:: DATA ::
--- START ---
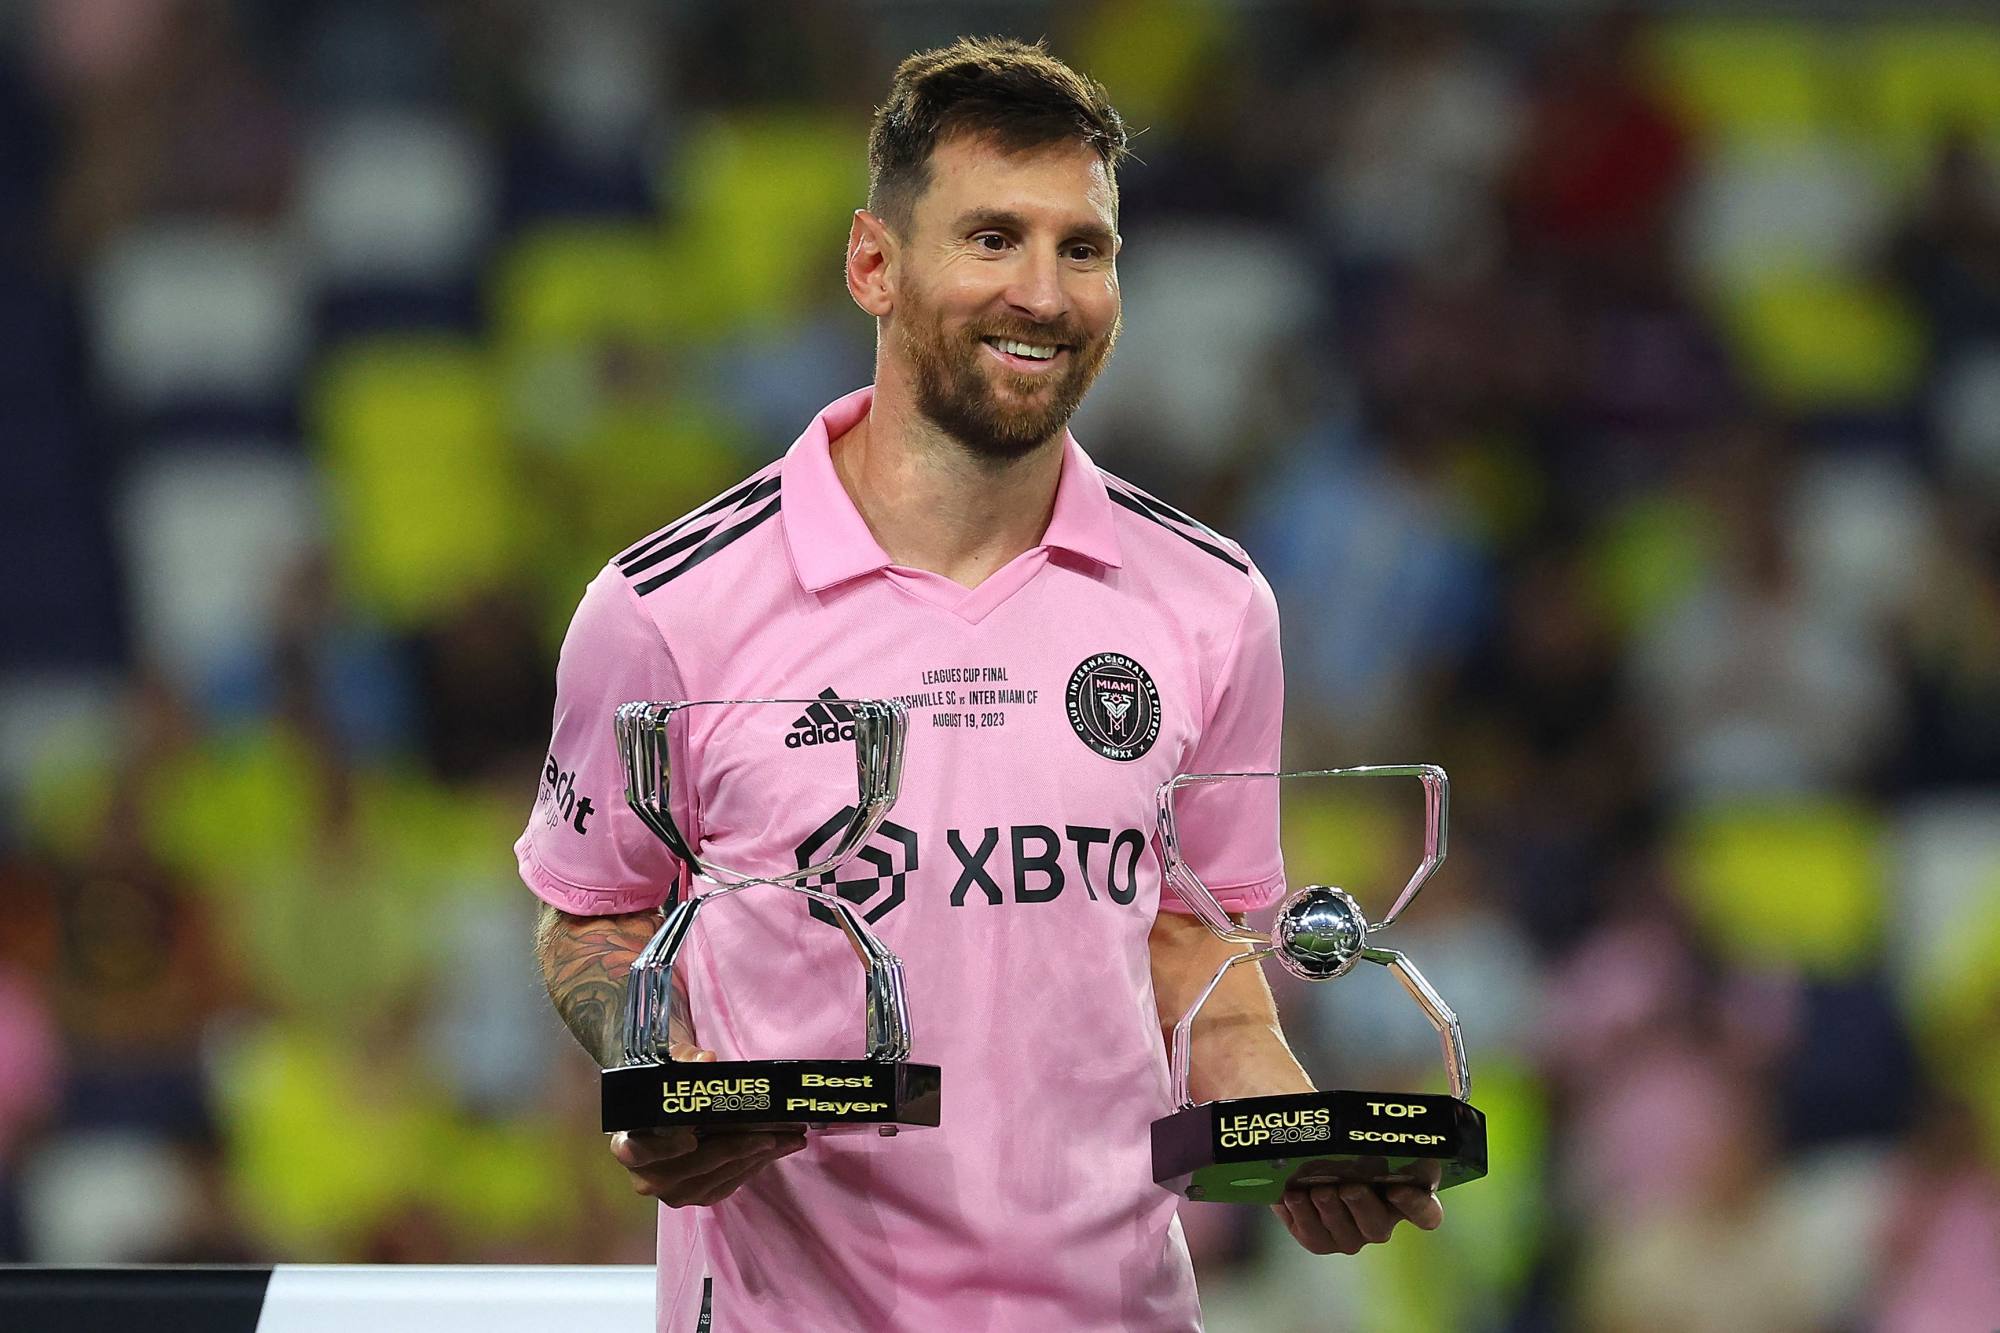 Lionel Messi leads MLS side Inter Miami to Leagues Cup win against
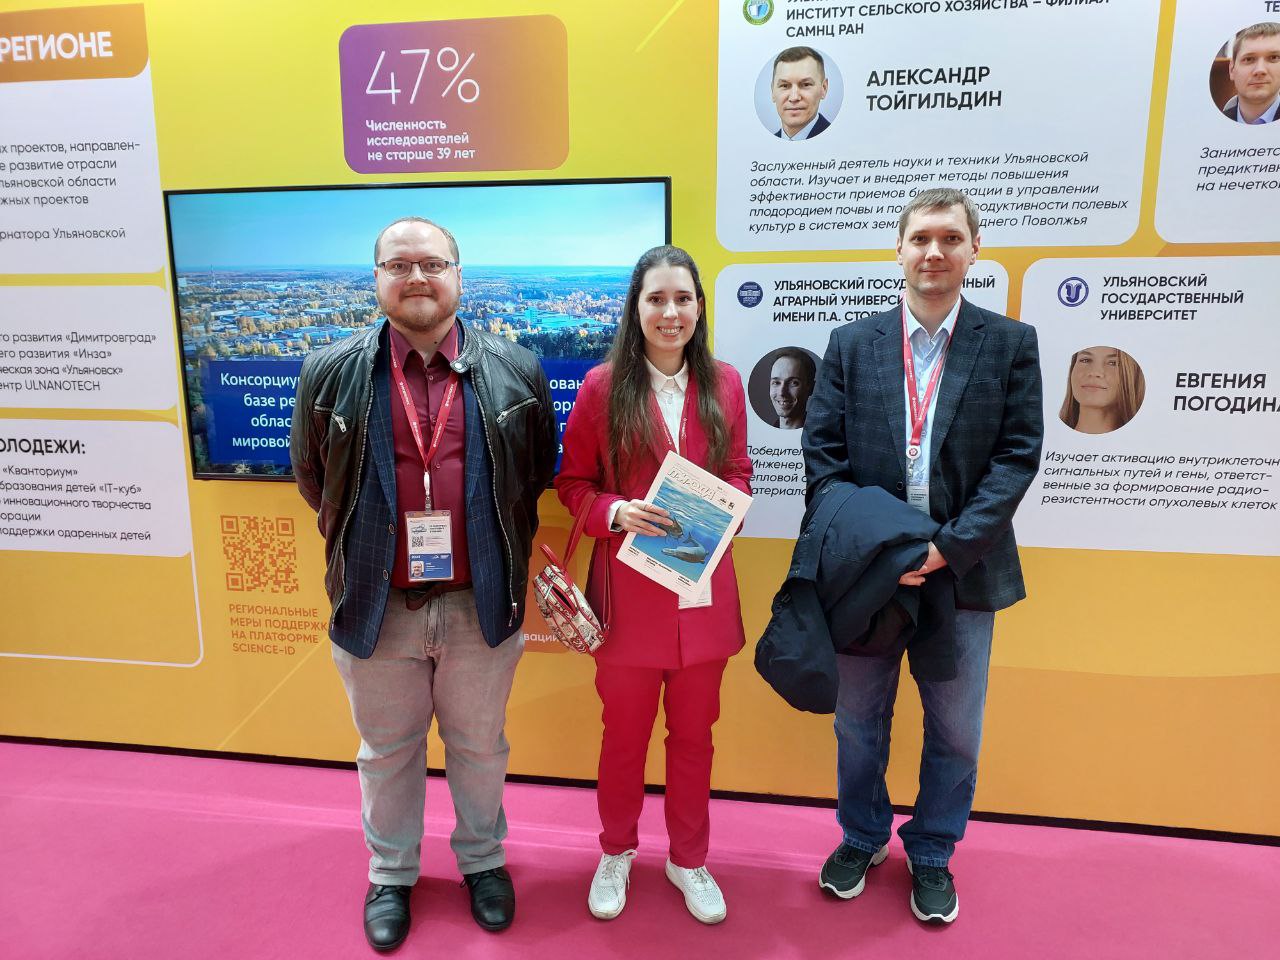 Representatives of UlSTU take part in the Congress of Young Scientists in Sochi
--- END ---
--- START ---
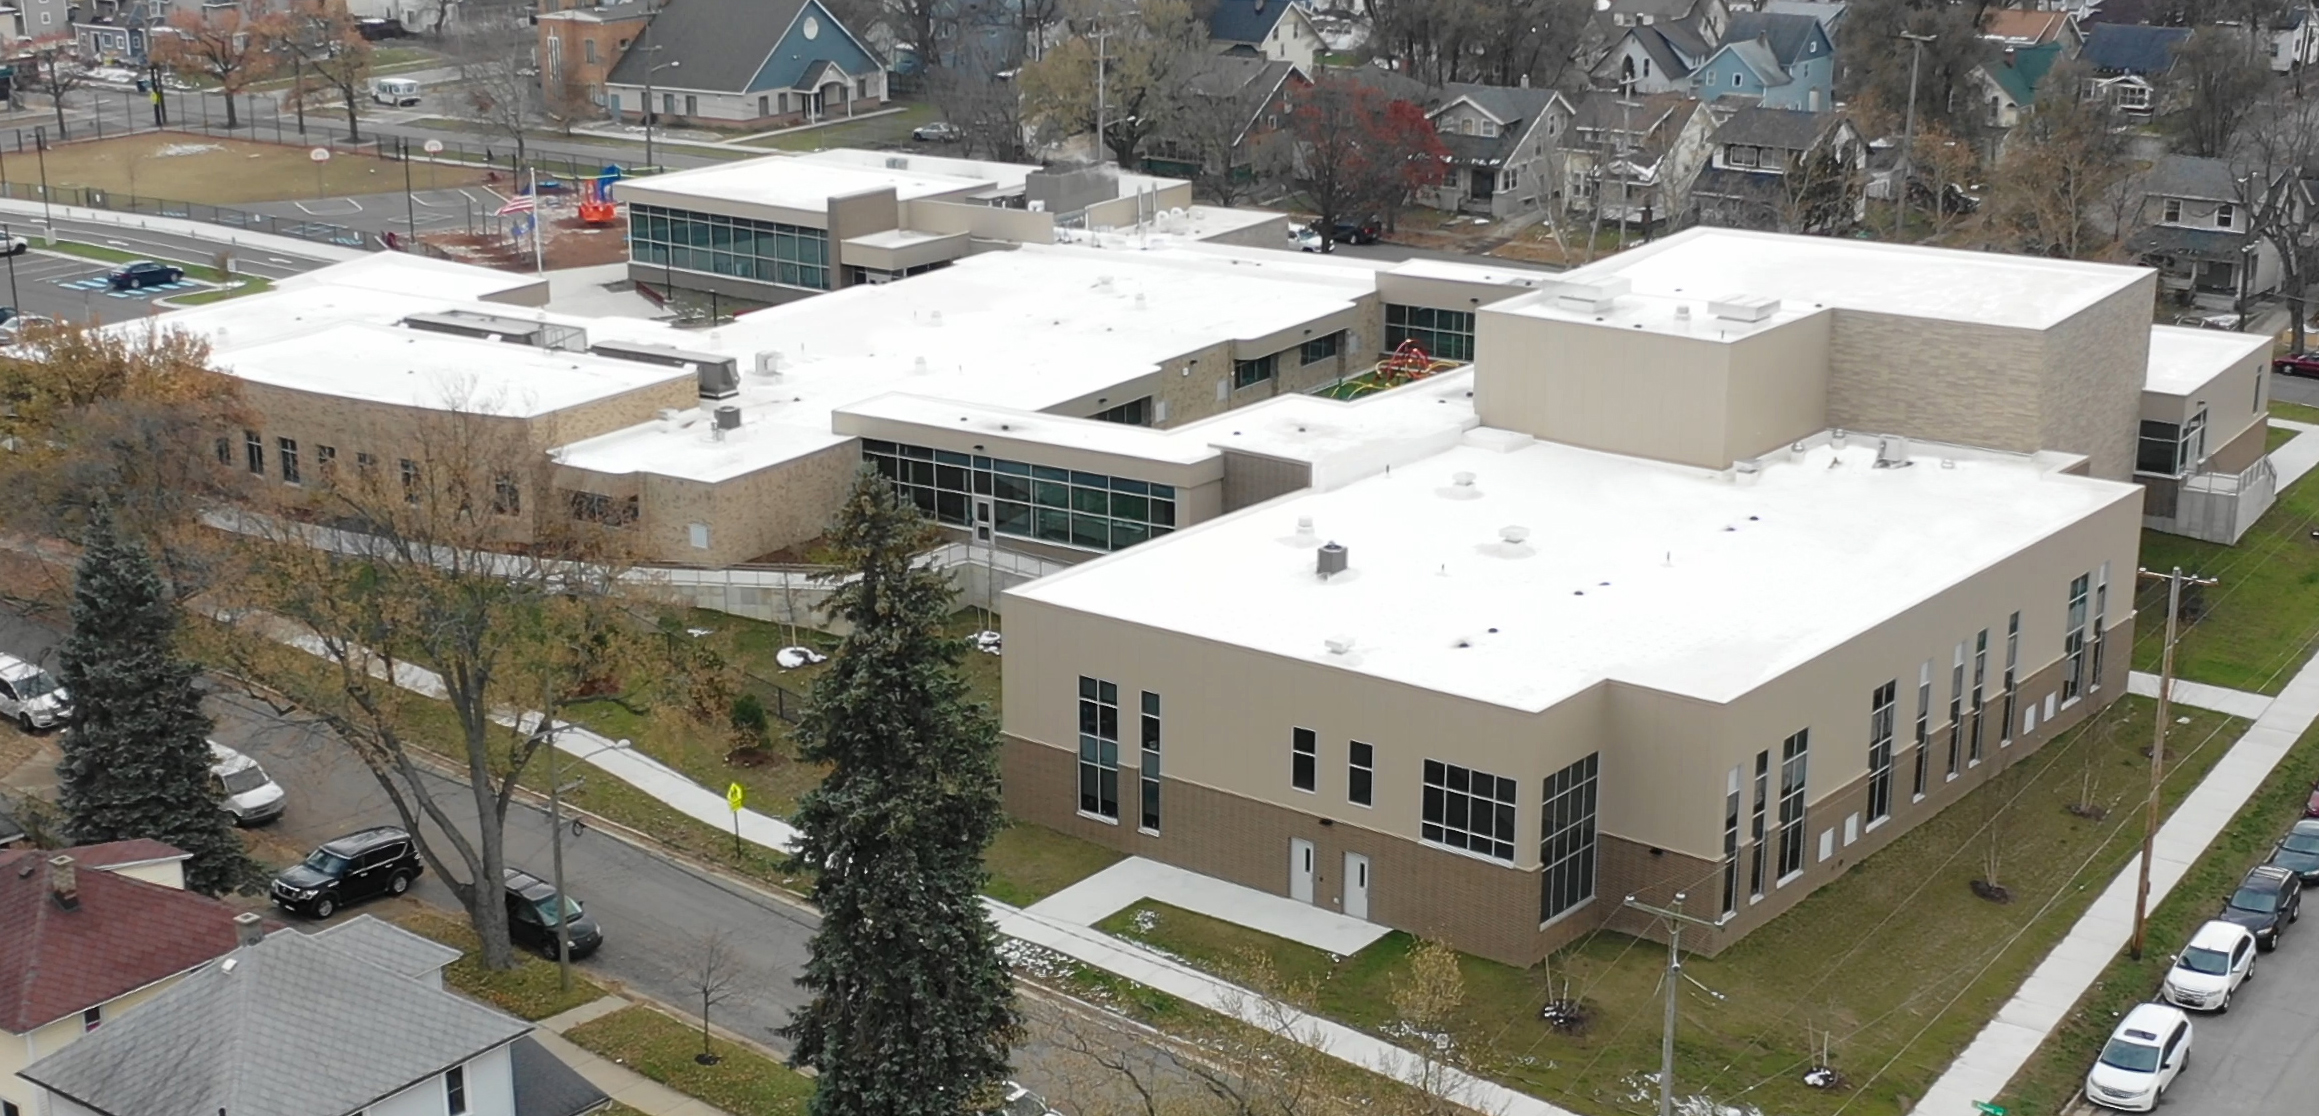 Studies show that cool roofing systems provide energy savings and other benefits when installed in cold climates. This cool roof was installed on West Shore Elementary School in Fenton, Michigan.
--- END ---
--- START ---
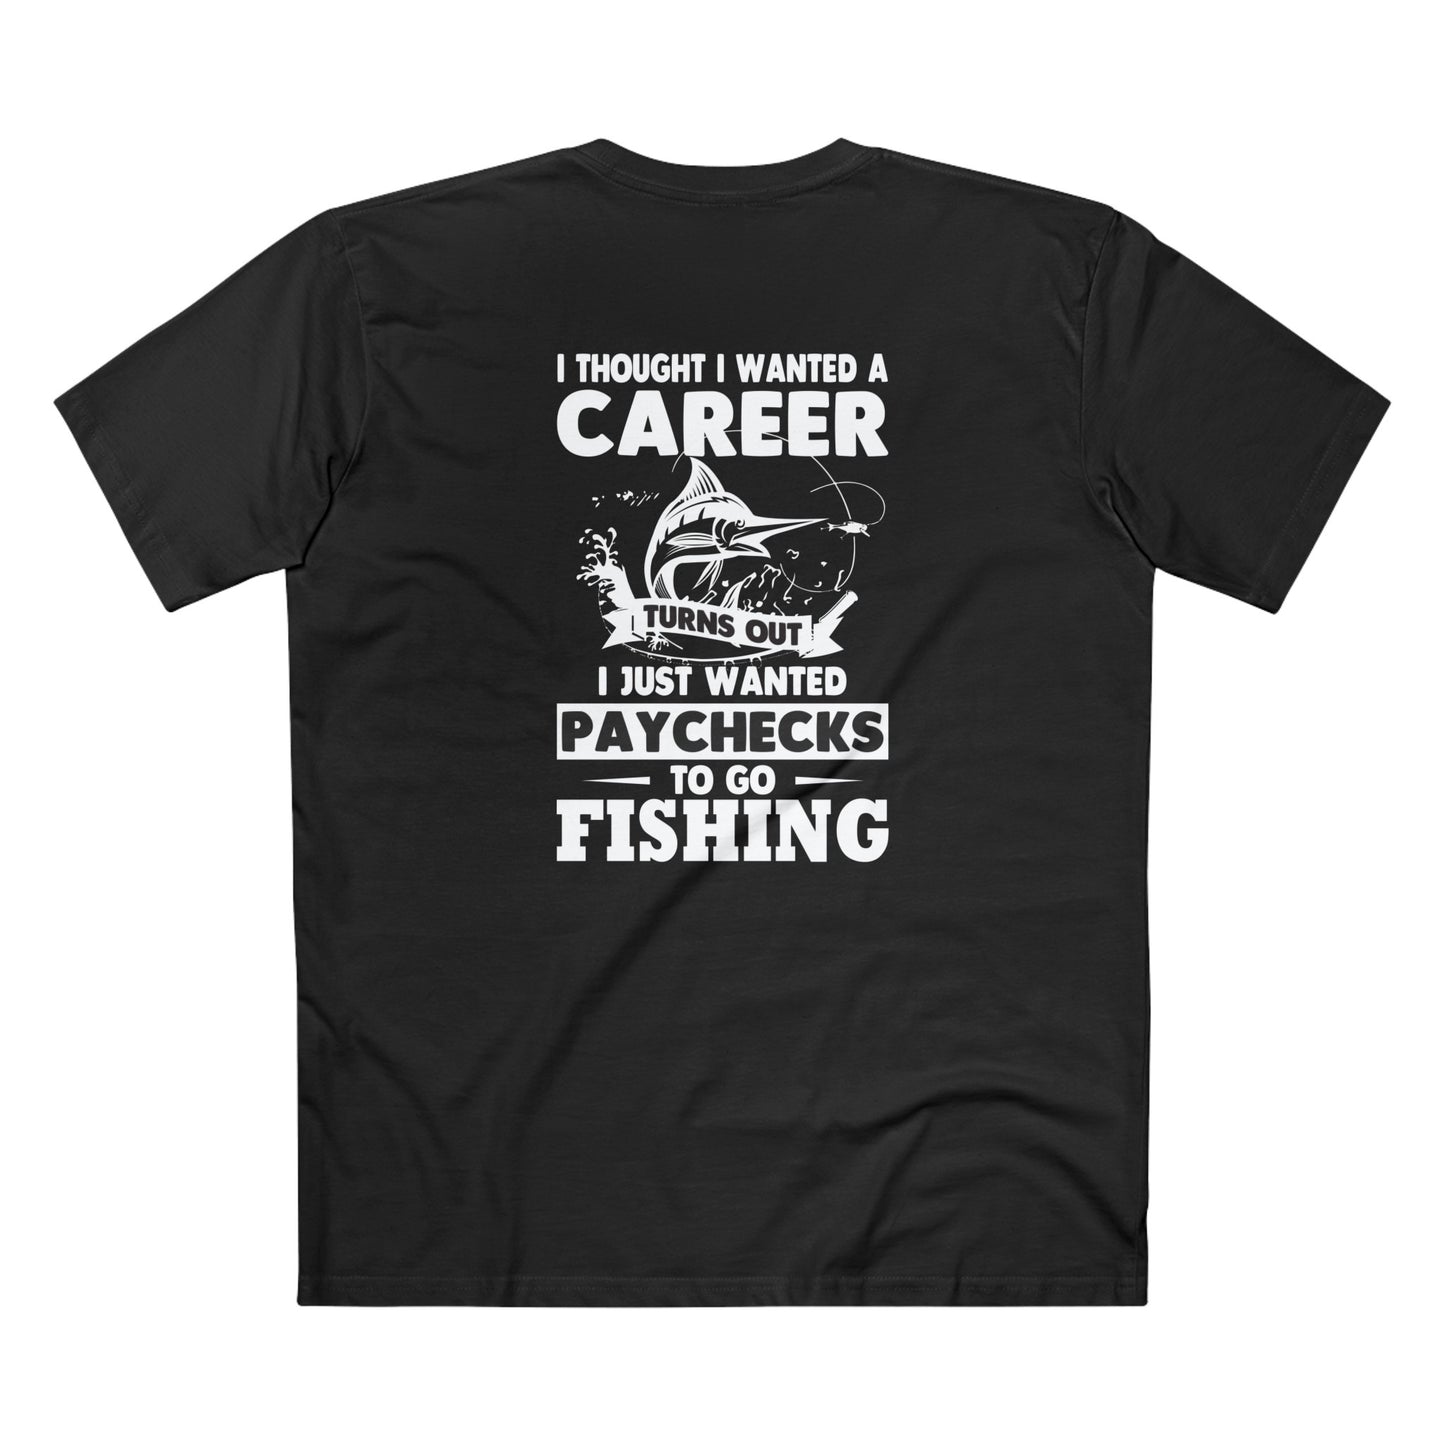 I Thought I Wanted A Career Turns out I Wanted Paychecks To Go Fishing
--- END ---
:: PROBLEM DESCRIPTION ::
Looking at the listing above, which lines run from the one containing "Lionel Messi leads" through the one containing "Representatives of UlSTU"? Print exactly those, ends included, pictures excluded.

:: ANSWER ::
 Lionel Messi leads MLS side Inter Miami to Leagues Cup win against
 Representatives of UlSTU take part in the Congress of Young Scientists in Sochi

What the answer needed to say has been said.